One way of qualifying the machinability is the specific energy (e). This is the amount of energy required to cut a volume of work material (kWh/mm3). Specific energy is depending on material properties. This makes that stock removal is related to specific energy.
There is a continuously development of new materials to fulfill the extreme demands of market segments like, Petrochemical, Power/Energy and Aerospace. Metallurgical changes have improved a large range of these materials (titanium, nickel). But by making the materials harder tougher, less heat sensitive and/or more resistant to corrosion and fatigue, this also make these new developed materials hard to machine.
The specific cutting energy needed for ‘difficult to machine’ materials are extremely high. Especially in the high stock removal applications there are problems with the temperature rising of the work material surface. An increase of the work material temperature leads to deterioration of the work material surface integrity. Resulting in metallurgical damages like micro cracks, residual stresses and work hardening.
Not only the material properties determine the energy required to cut a volume of material (specific energy). The needed energy also depends on the technological process used to process the work material.
A lot of technologies are capable of removing substantial amounts of material. Among them are: sawing, turning, broaching, milling and grinding. Turning and milling are conventionally the most popular machining technologies.
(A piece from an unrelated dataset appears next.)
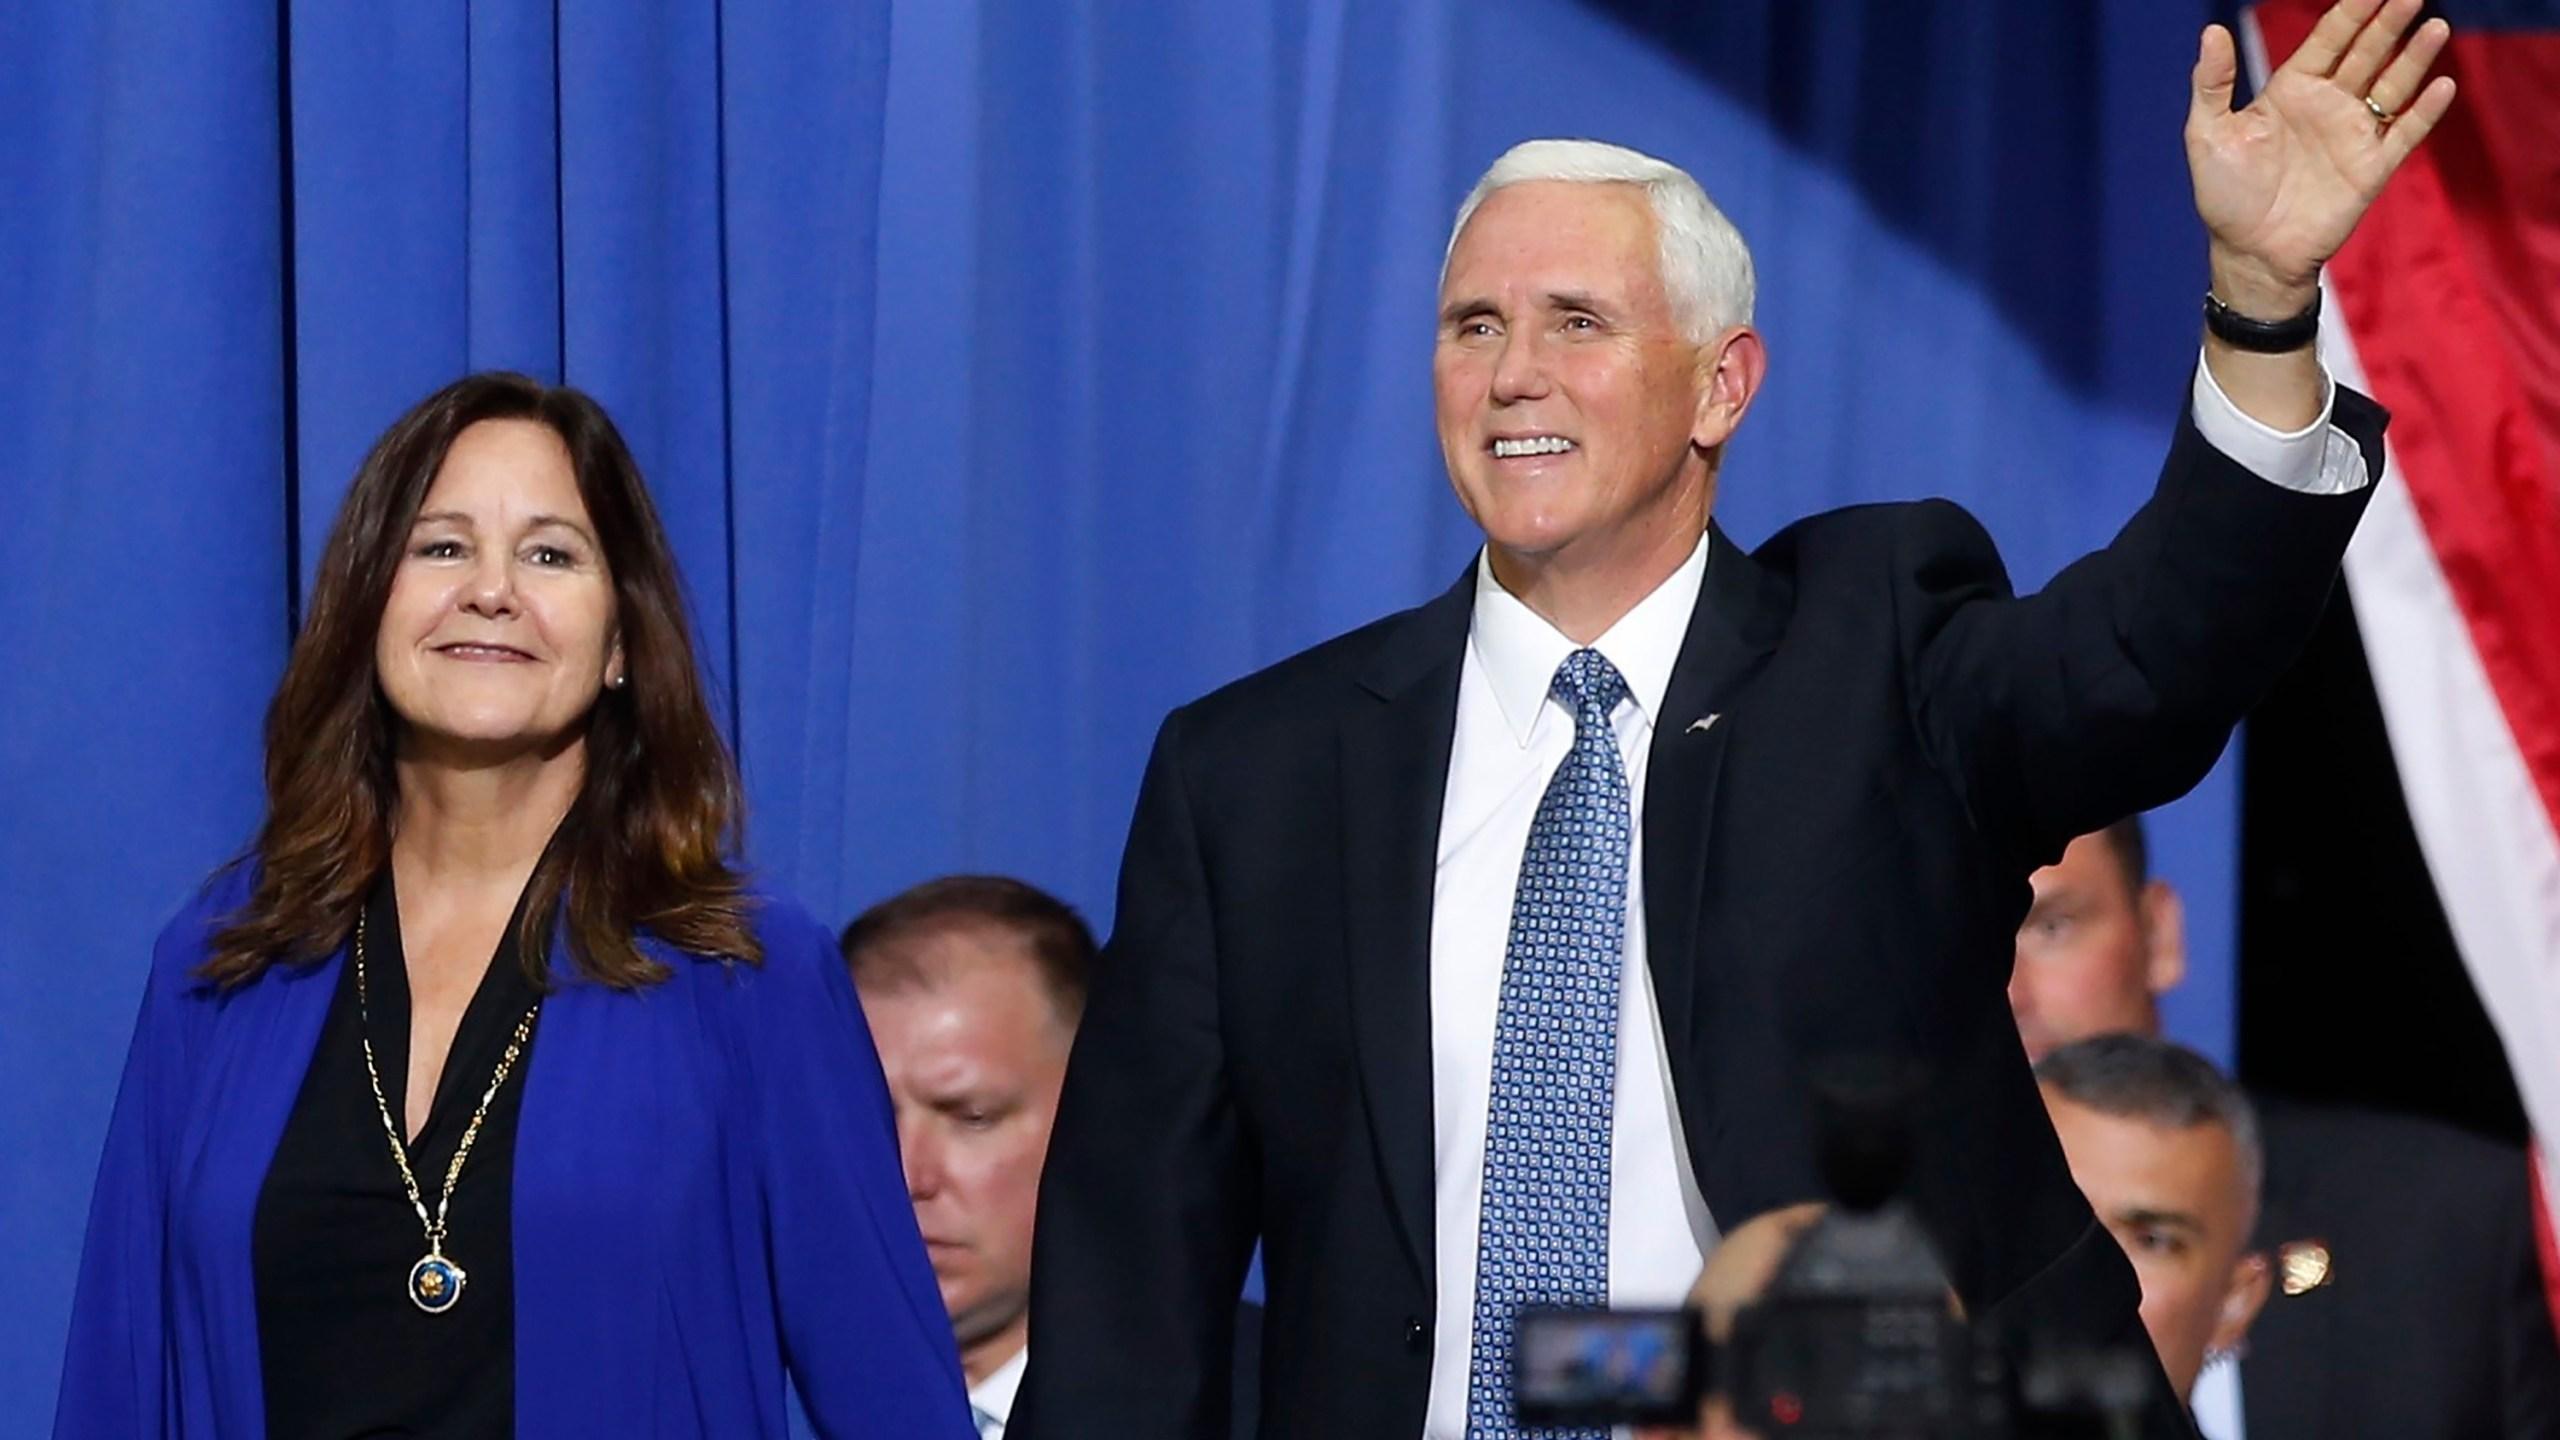 Mike Pence, Karen Pence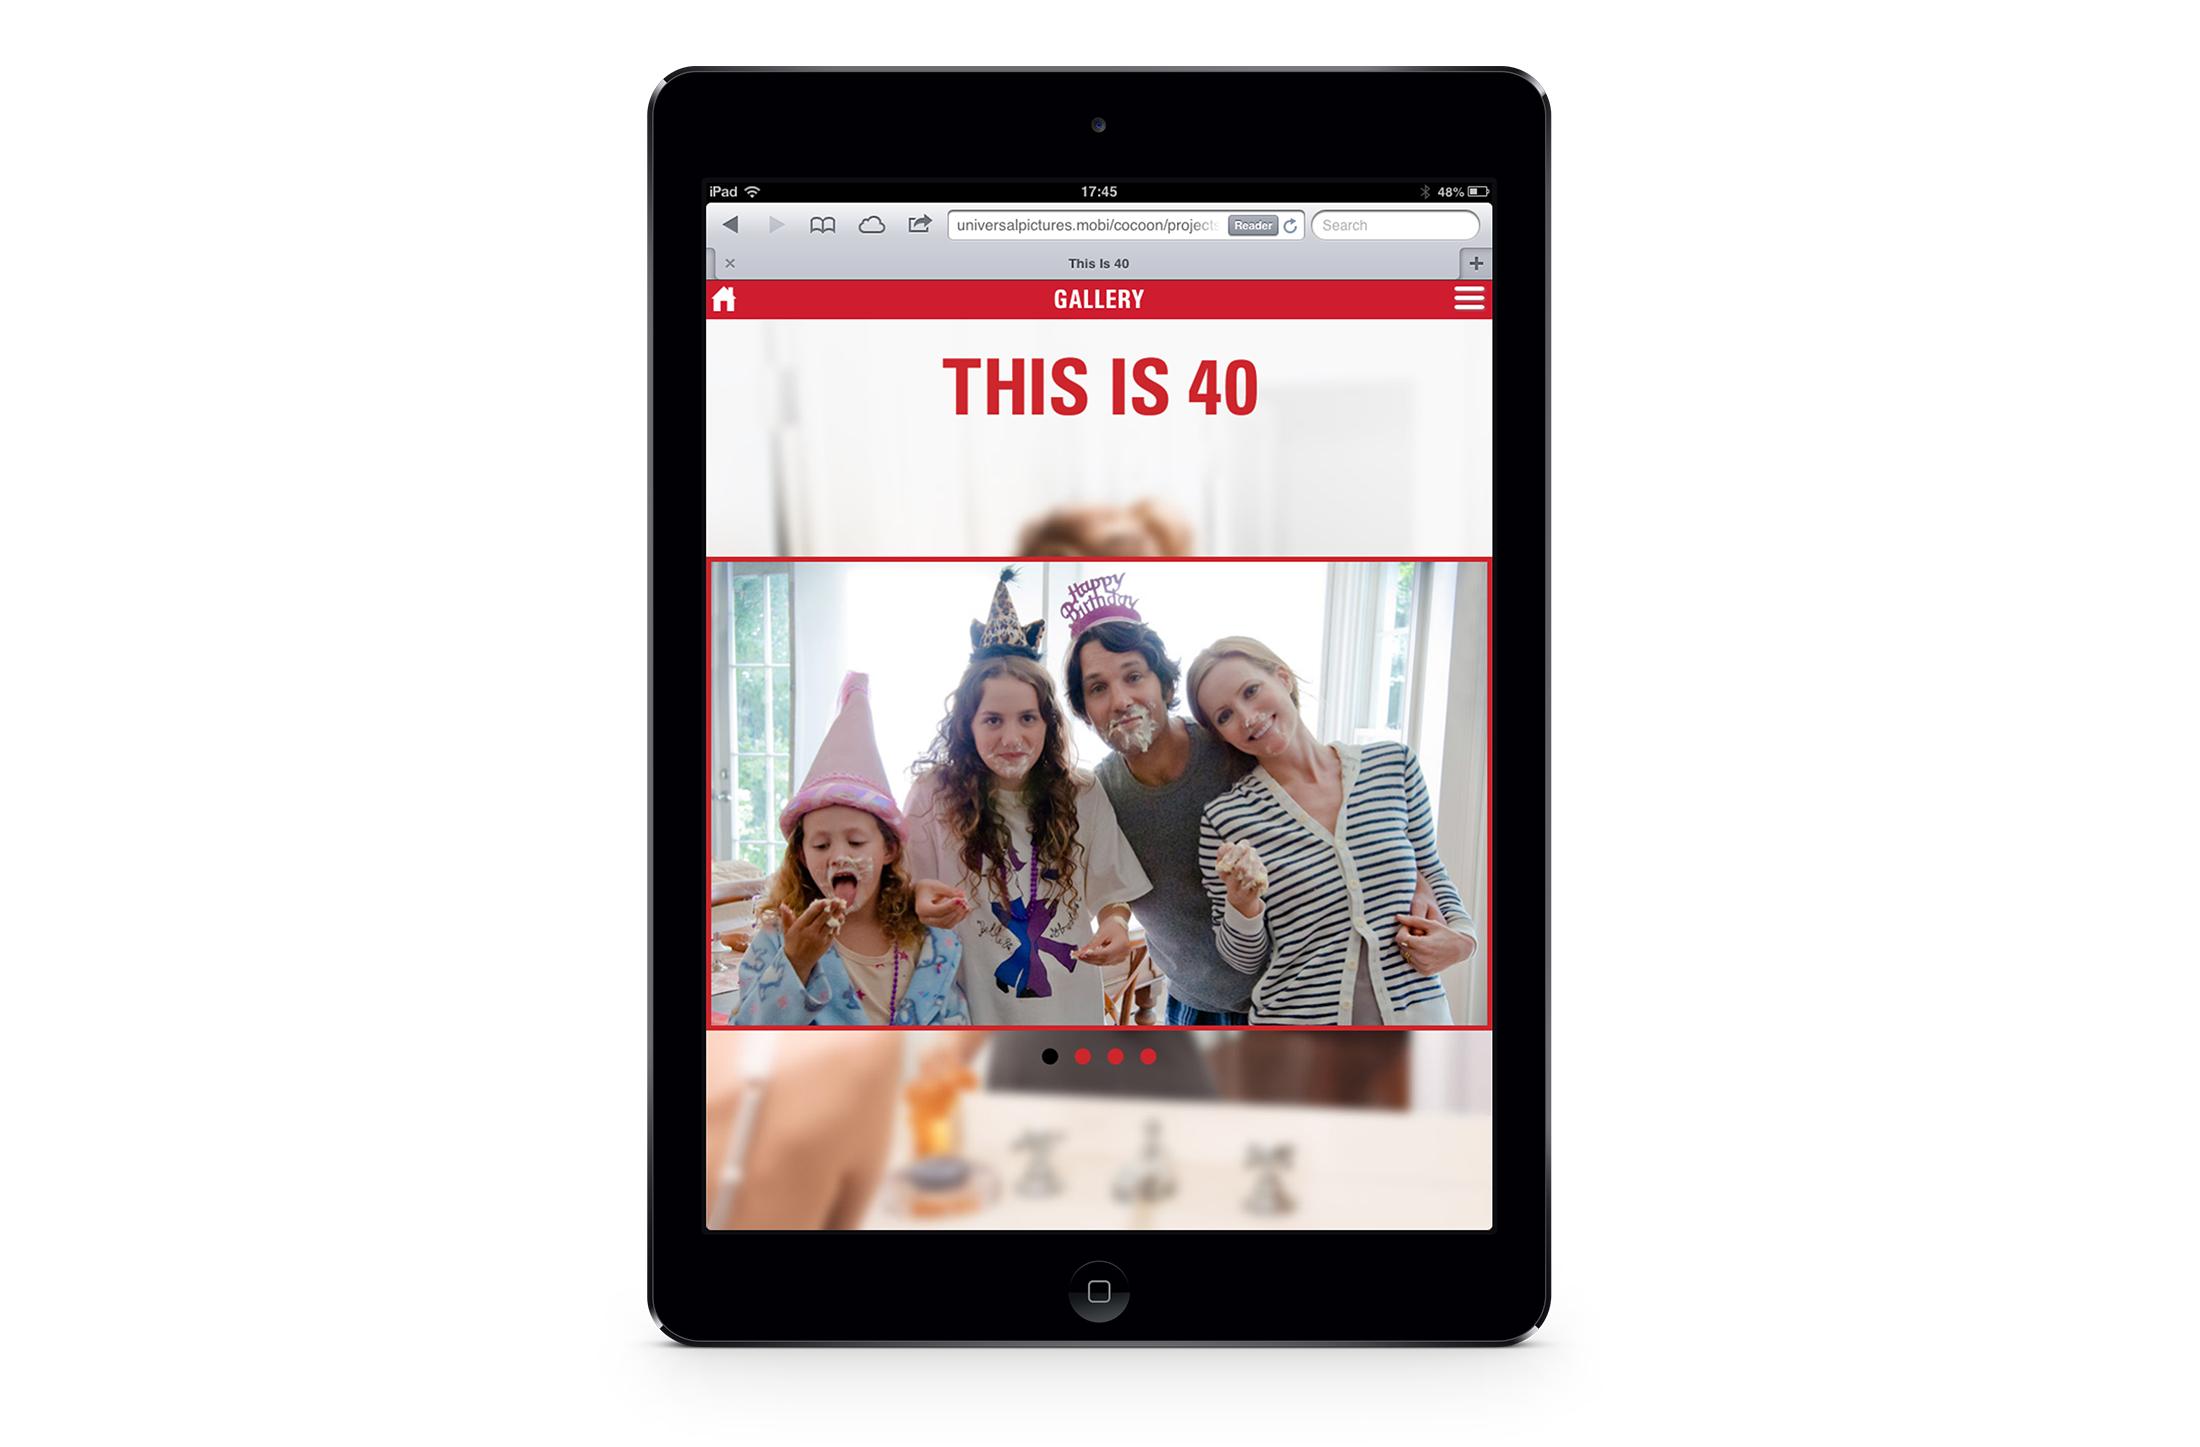 iPad: gallery screen.

Turning is mainly used for round products, milling has a broad range of applications. Conventional methods like milling do have problems to keep up with the developments of the ‘difficult to machine’ materials. These methods generate locally too much heat. The special materials in particular require a cool cutting process.
Traditionally bonded abrasives are used for stock removal. To grind large products, with a substantial material removal, vertical segment grinders are used. These grinding machines work with a rotating disc with abrasive segments. The work material is pressed against those segments with the aid of a rotating or reciprocating table. These technologies are using significantly greater power, up to 450 hp (340 kW), than other grinding methods. Some major manufactures of these machines are Blanchard, Mattison, Göckel and Reform.
Recently grinding with coated abrasives has become a viable alternative for high stock removal by some major developments in the field of the machine tool and grinding belt.
High stock belt grinding is a cool cutting process. The amount of friction energy is significantly lower compared to other (bonded) grinding techniques. The reason is that the amount of rubbing and ploughing energies are greatly reduced due to special configuration of machine components, machine settings, and wide belt grinding tools. The productivity of the abrasive belt grinding technology is in most cases three times that of the rotary or reciprocating vertical grinders. As a result of this belt grinding is replacing the conventional technologies in the field of the specialty metals. As an example the world biggest titanium manufactures are using the belt grinding techniques.